CHICAGO -- CNW Corp., target of an unsolicited $721 million tender offer by Japonica Partners, Tuesday announced acceptance of a competing, $1.6 billion merger offer by a group that includes senior CNW management and Union Pacific Corp.
The $50 a share proposal was chosen by the railroad company as the best of three competing bids -- including a hostile $44-a-share offer by Japonica and a proposal by CNW employees.
A definitive merger agreement unanimously approved by CNW directors calls for acquisition of CNW for $45.50 a share in cash and $4.50 a share, face value, of preferred stock with a dividend rate of 17 percent.
In addition to the acquisition of some 19 million shares oustanding, the deal calls for assumption of certain existing debt and other obligations, bringing the total price tag to about $1.6 billion.
Japonica, in response to the CNW announcement, terminated its $44-a-share tender offer and said it was evaluating its alternatives, including tendering its CNW stock under the offer to be made pursuant to the merger agreement.
Japonica said no stock was tendered under its offer.
Under the deal announced Tuesday, CNW will be acquired by a corporation headed by Blackstone Capital Partners L.P. and including other investors, among them CNW senior management, Donaldson, Lufkin & Jenrette Securities Corp. and Union Pacific.
'This transaction represents an important positive step for all the major constituencies of CNW,' said CNW Chairman Robert Schmiege, who heads the senior CNW management group participating in the acquisition.
'Employees and customers of CNW will benefit from the fact that our business plan calls for upgrading CNW's most strategically important line, does not depend upon the sale of operating assets, and continues CNW's role as a provider of quality transportation services,' Schmiege said.

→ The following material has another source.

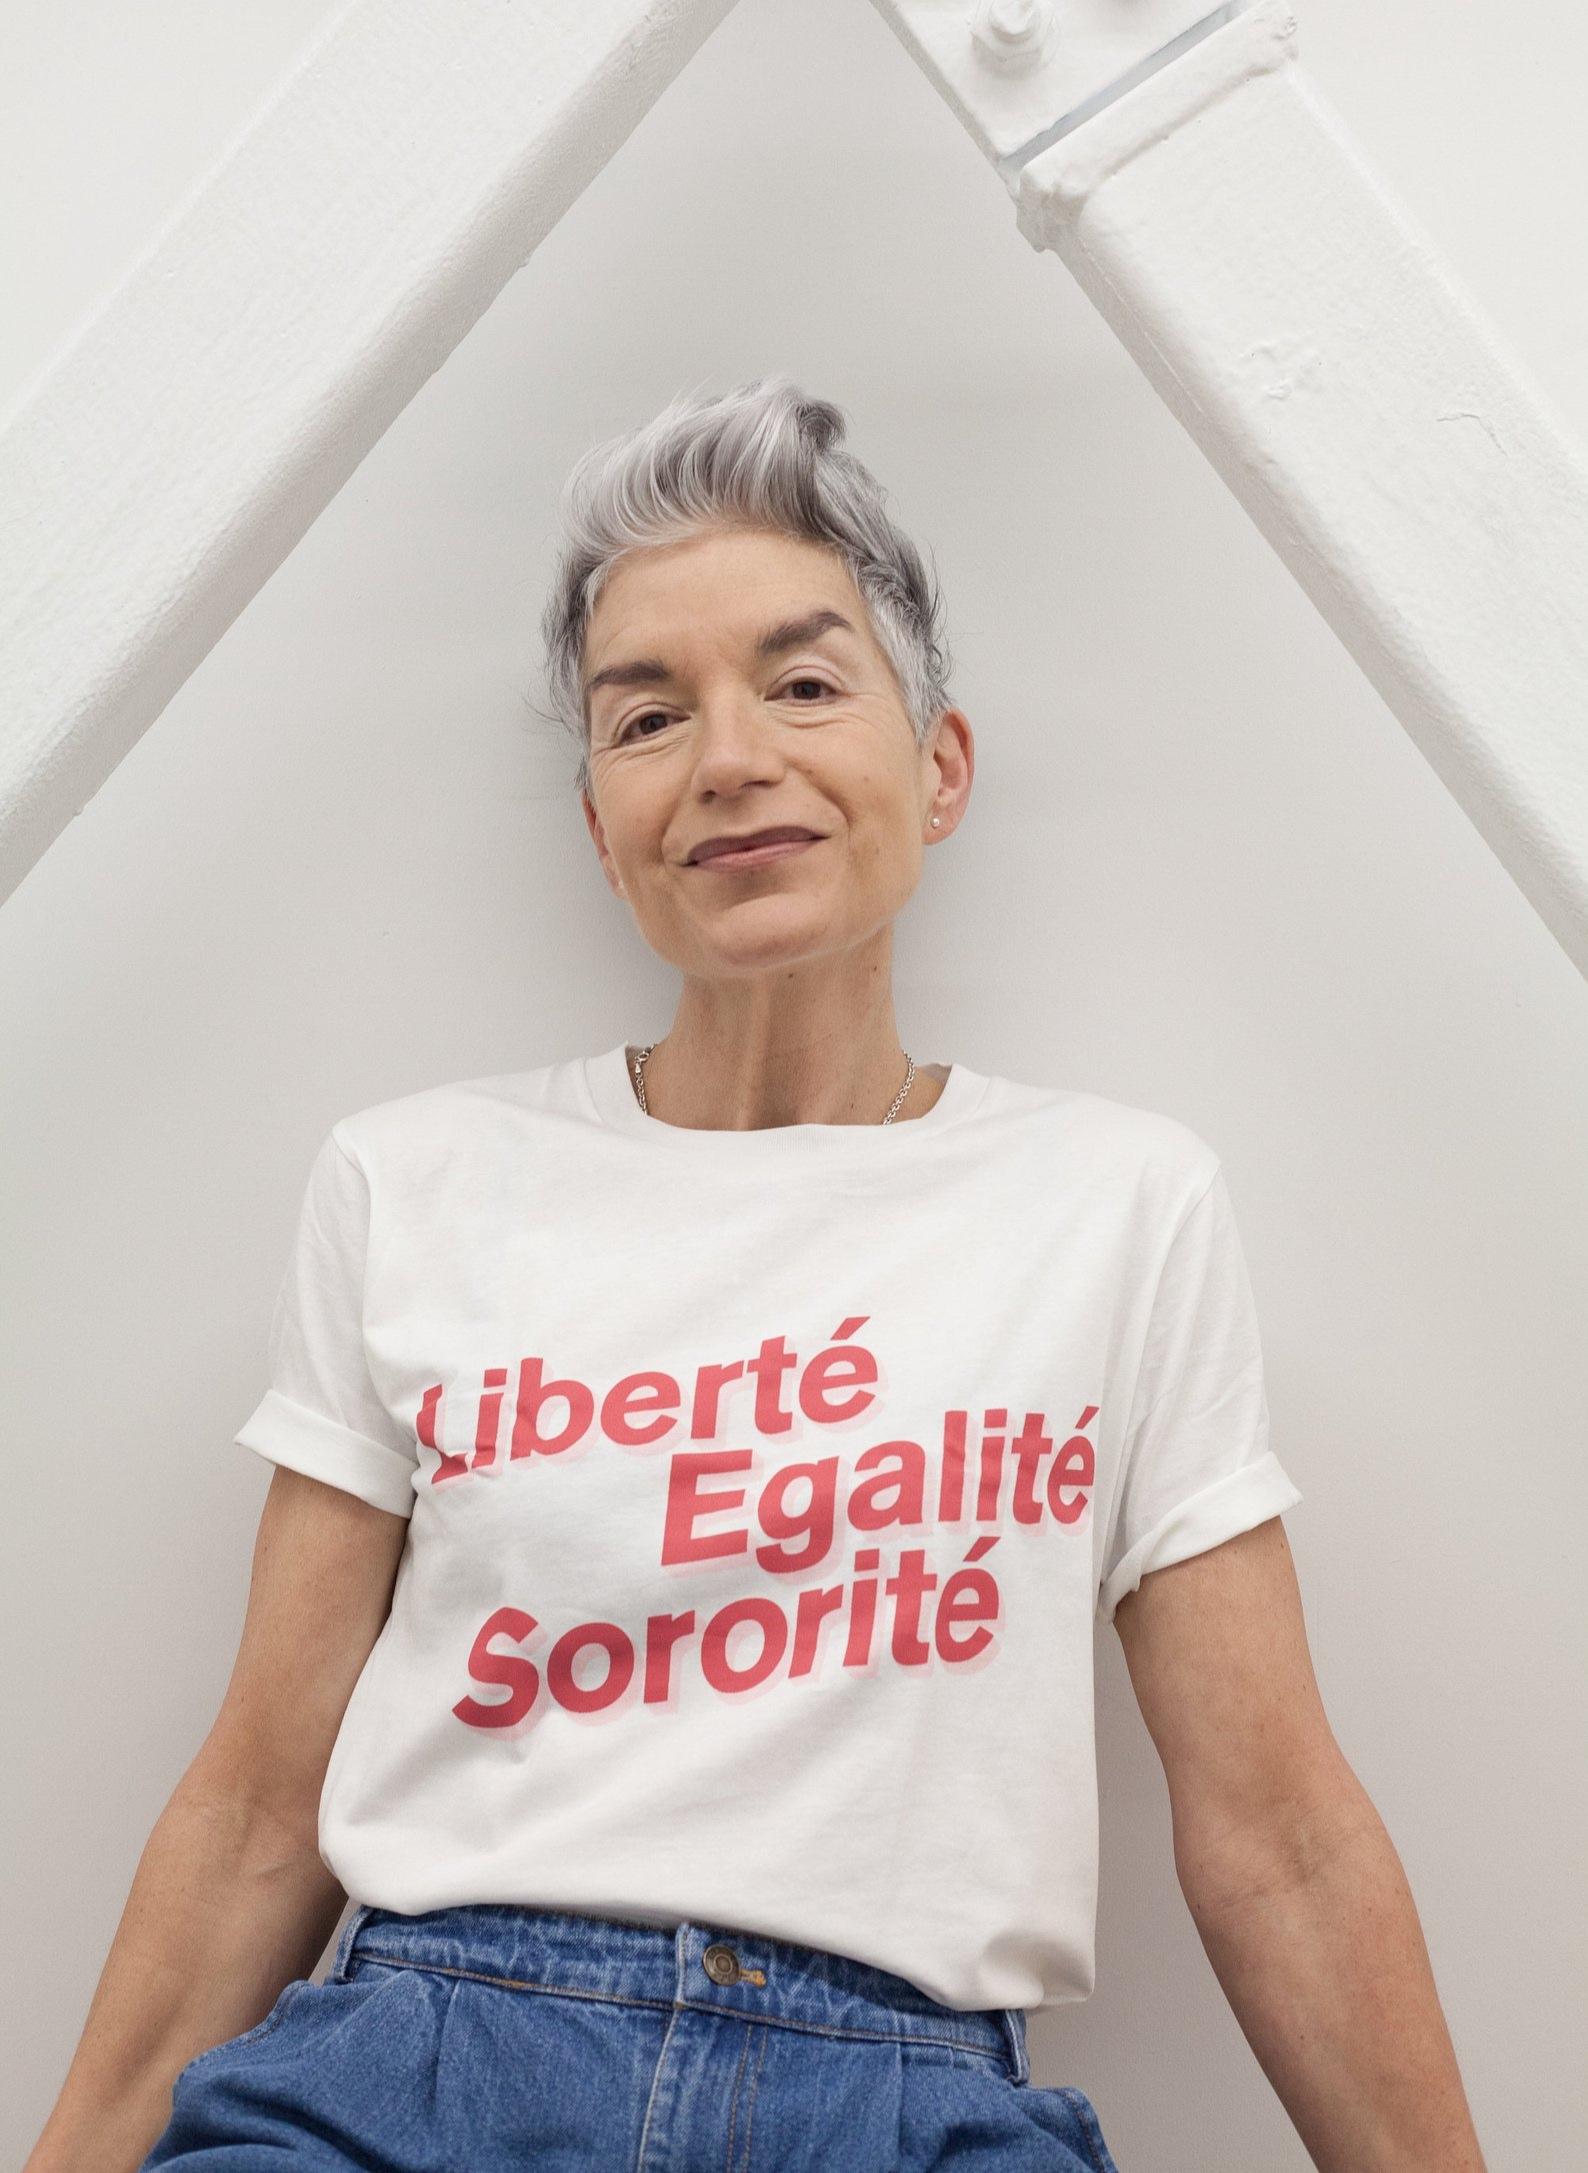 Liberté Egalité Sororité Organic Cotton Feminist T-Shirt By Black and Beech

CNW Corp. is the parent of Chicago and North Western Transportation Co., which operates commuter rail service in the Chicago area and freight service in the Midwest and Plains, serving Illinois, Wisconsin, Michigan, Iowa, Minnesota, Nebraska, South Dakota, Missouri, Kansas and Wyoming.
Japonica, an investment group headed by former New York investment banker Paul Kazarian, made a $721 million, $44-a share merger proposal in April, offering $39.50 in cash and $4.50 in preferred stock per common share of CNW stock.
To press its bid, Japonica waged a proxy battle, running its own slate of directors against the incumbent CNW board at CNW's May 16 stockholders meeting, but the Japonica slate was roundly defeated.
CNW subsequently set a June 2 deadline for competing offers while Japonica pursued a tender offer.
Offers from Japonica and CNW employees were considered along with the Blackstone group bid. The Blackstone offer was unanimously recommended by a special committee of outside directors appointed to preside over the auction and won unanimous approval of the CNW board.
CNW directors, customers and several members of Congress had expressed concern that the Japonica proposal would leave CNW too encumbered by debt to continue operation.
CNW officials and officials of the Blackstone group said their merger agreement provides a conservative capital structure that will ensure adequate liquidity and provide for substantial capital improvements.
In an agreement with the Union Pacific, CNW will commit to spend $115 million through 1992 -- including $40 million in the second half of this year -- to maintain and upgrade CNW's east-west main line.
A total of $230 million of equity capital will be invested in the newly formed company, in addition to the approximately $84 million of new preferred equity to be issued to existing stockholders.
Blackstone will hold the controlling interest, with minority common stock positions held by CNW management and by Donaldson, Lufkin & Jenrette.
The Union Pacific will hold $100 million of pay-in-kind preferred stock, convertible into a 25 percent minority position in common stock after five years, subject to approval by the Interstate Commerce Commission.
Blackstone has received committments for all the financing, with Chemial Bank providing a commitment for up to $585 million of senior bank debt, including a $75 million standby liquidity facility.
Donaldson, Lufkin & Jenrette will provide up to $475 million in bridge financing, expected to be refinanced by subordinated debt underwritten by DLJ.
'Blackstone, DLJ and management are strongly committed to the railroad's continuing growth and success,' said Blackstone President Stephen A. Schwarzman.
Blackstone is a majority owner of Transtar Inc., which operates seven railroads in the Midwest and Pennsylvania.
Transtar and CNW do not compete directly and will be run as separate entities.